● Data section

***

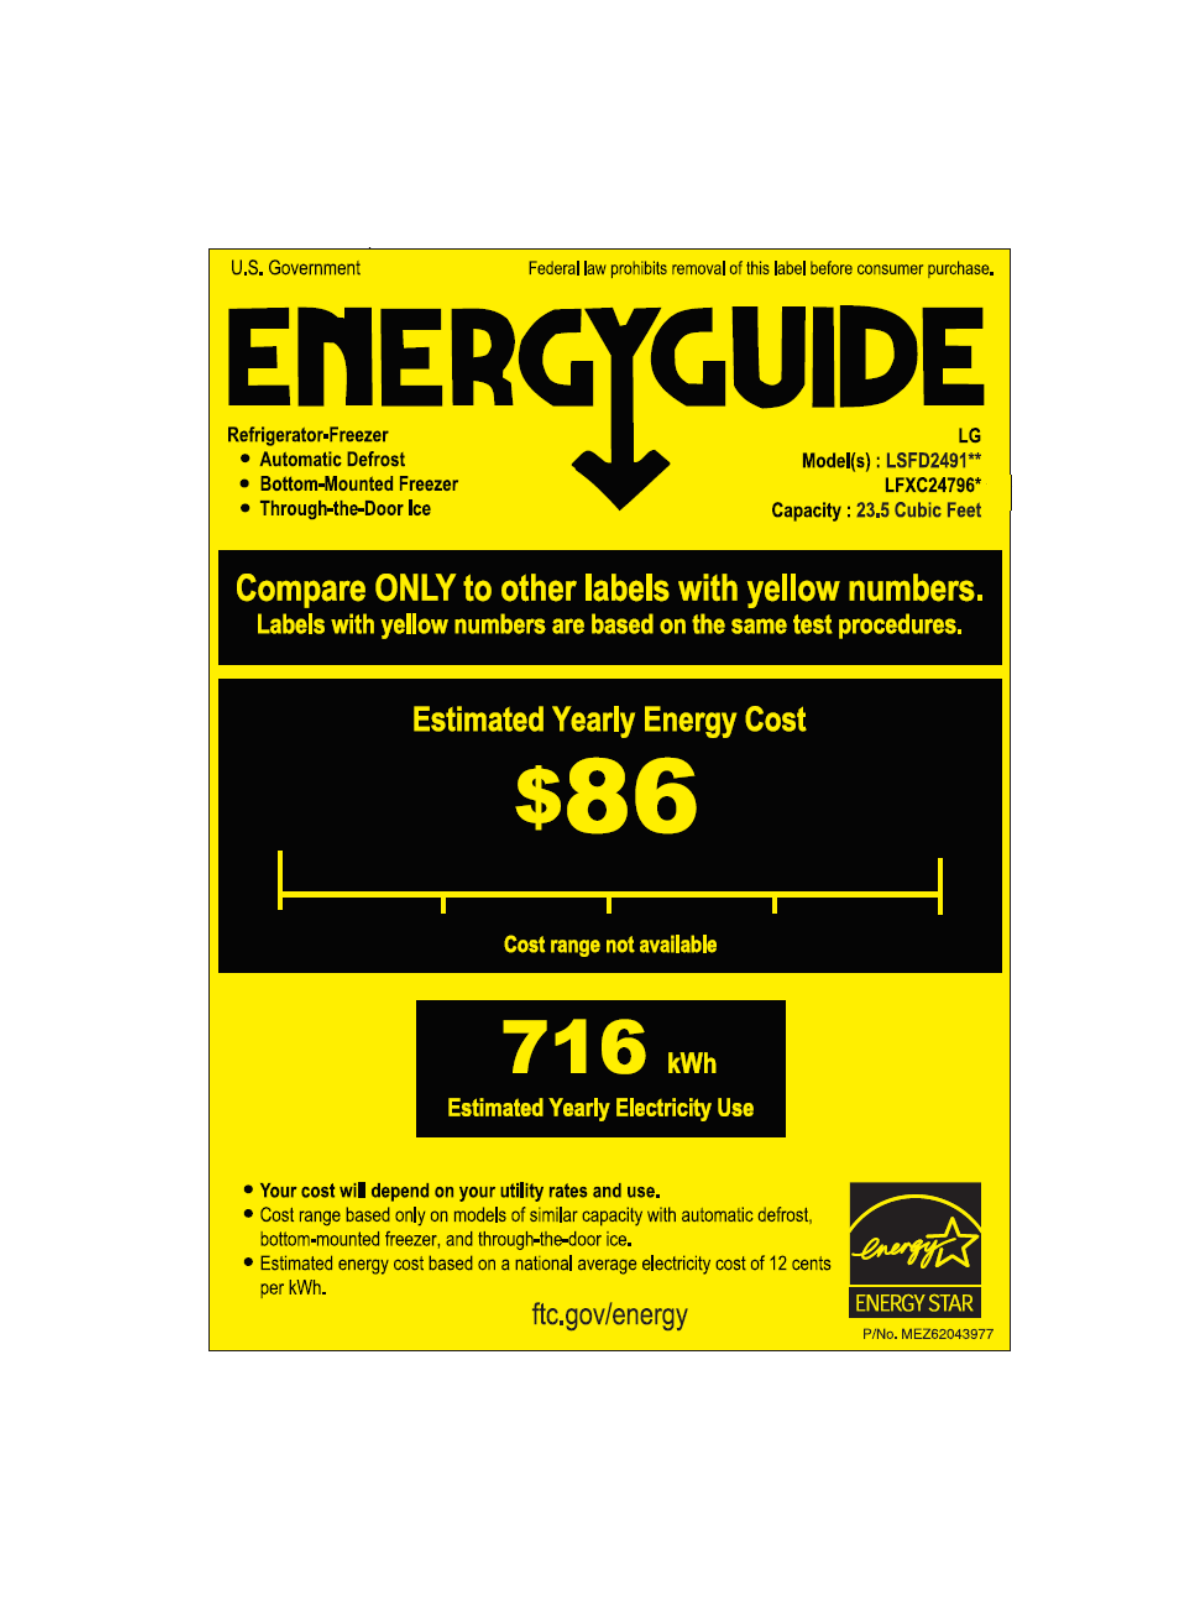 LG LFXC24796S Energy manual
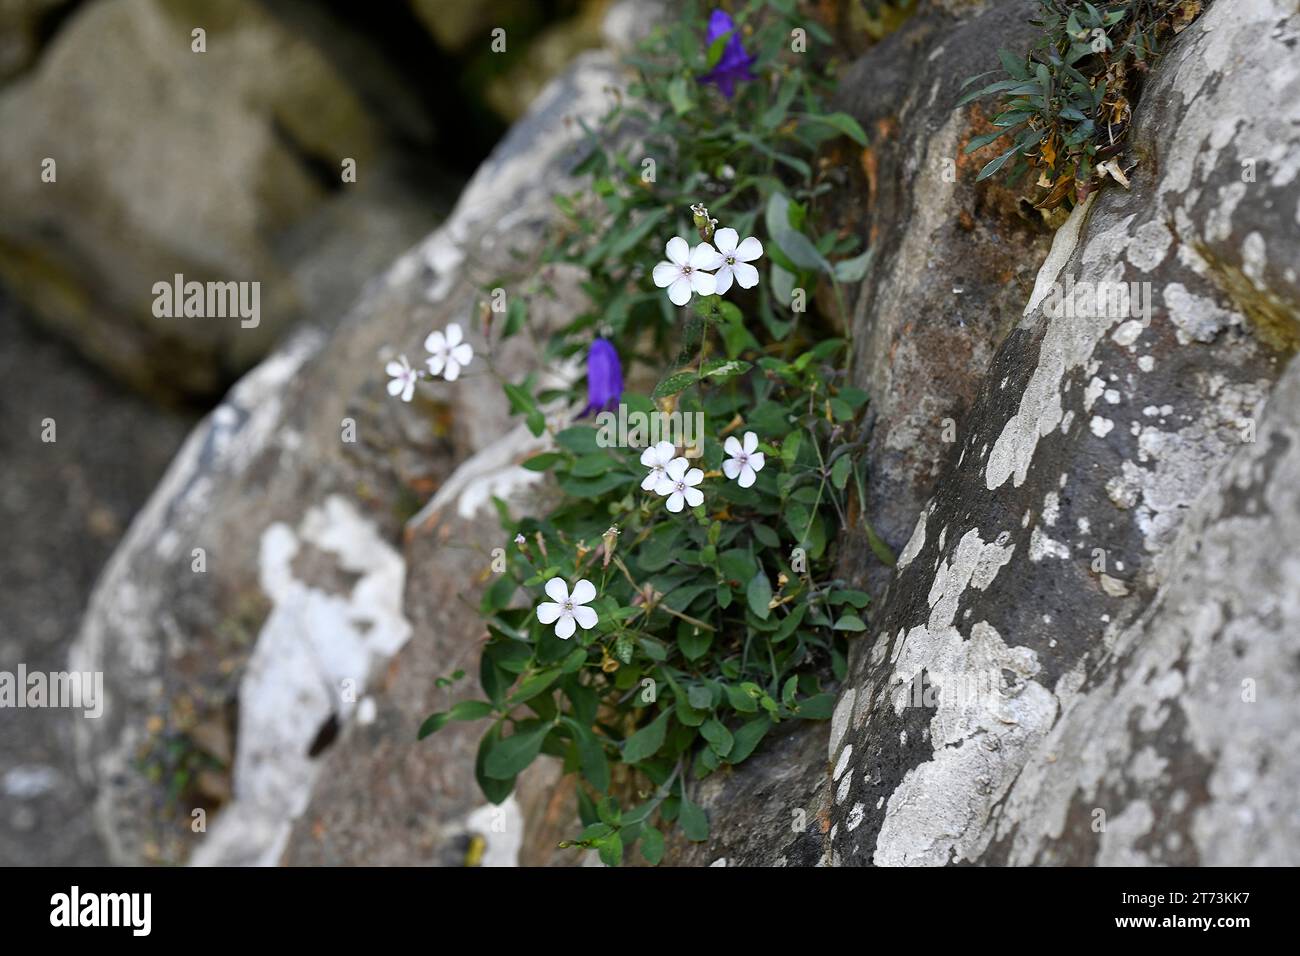 Petrocoptis pyrenaica glaucifolia is a perennial plant endemic to Cantabrian mountains. This photo was taken in Deboyu cave, Asturias, Spain. Stock Photo
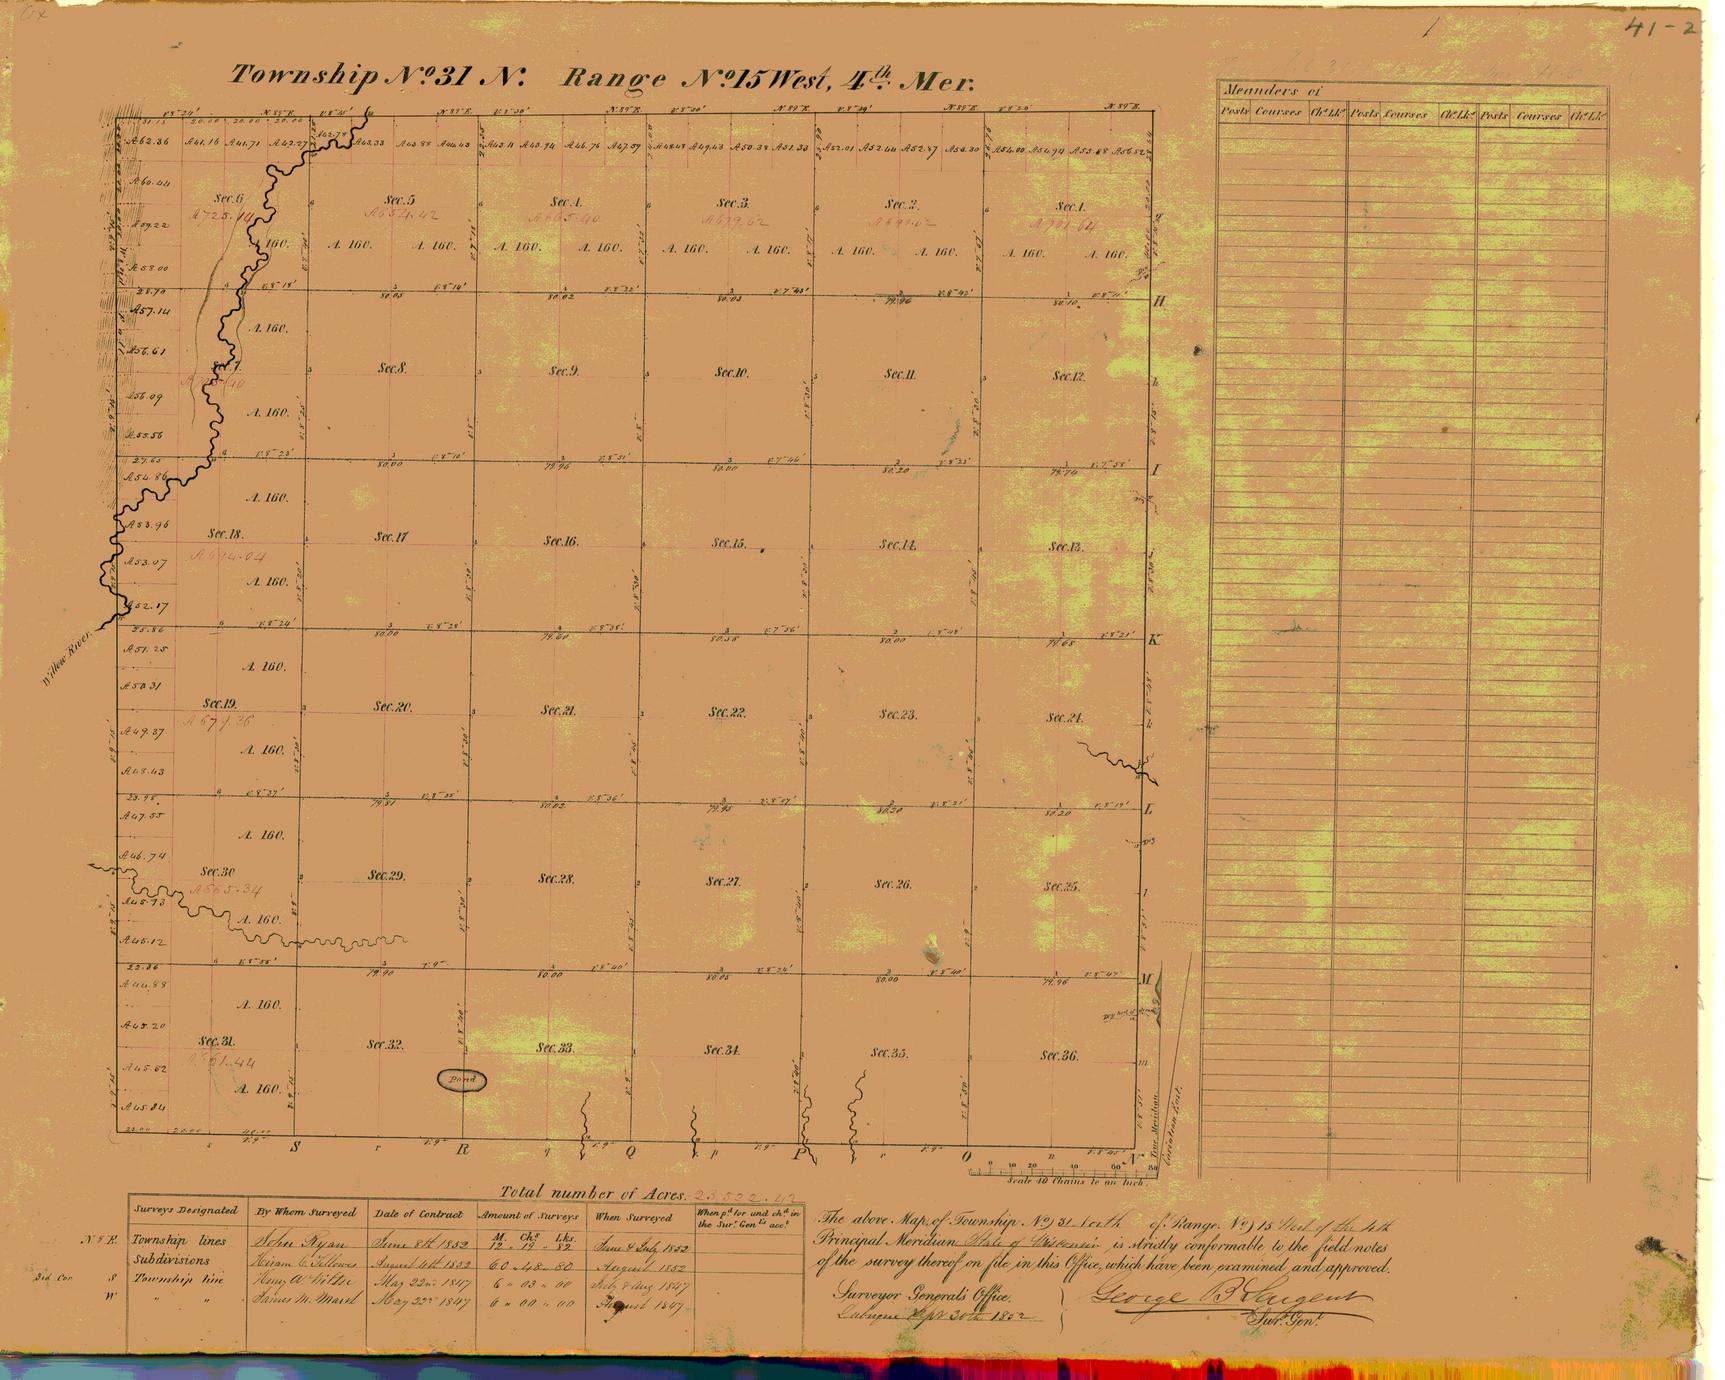 [Public Land Survey System map: Wisconsin Township 31 North, Range 15 West]

***

● Try it
Quote the material word for word, dropping any images it holds.

● Result of the exercise
 LG LFXC24796S Energy manual
 Petrocoptis pyrenaica glaucifolia is a perennial plant endemic to Cantabrian mountains. This photo was taken in Deboyu cave, Asturias, Spain. Stock Photo
 [Public Land Survey System map: Wisconsin Township 31 North, Range 15 West]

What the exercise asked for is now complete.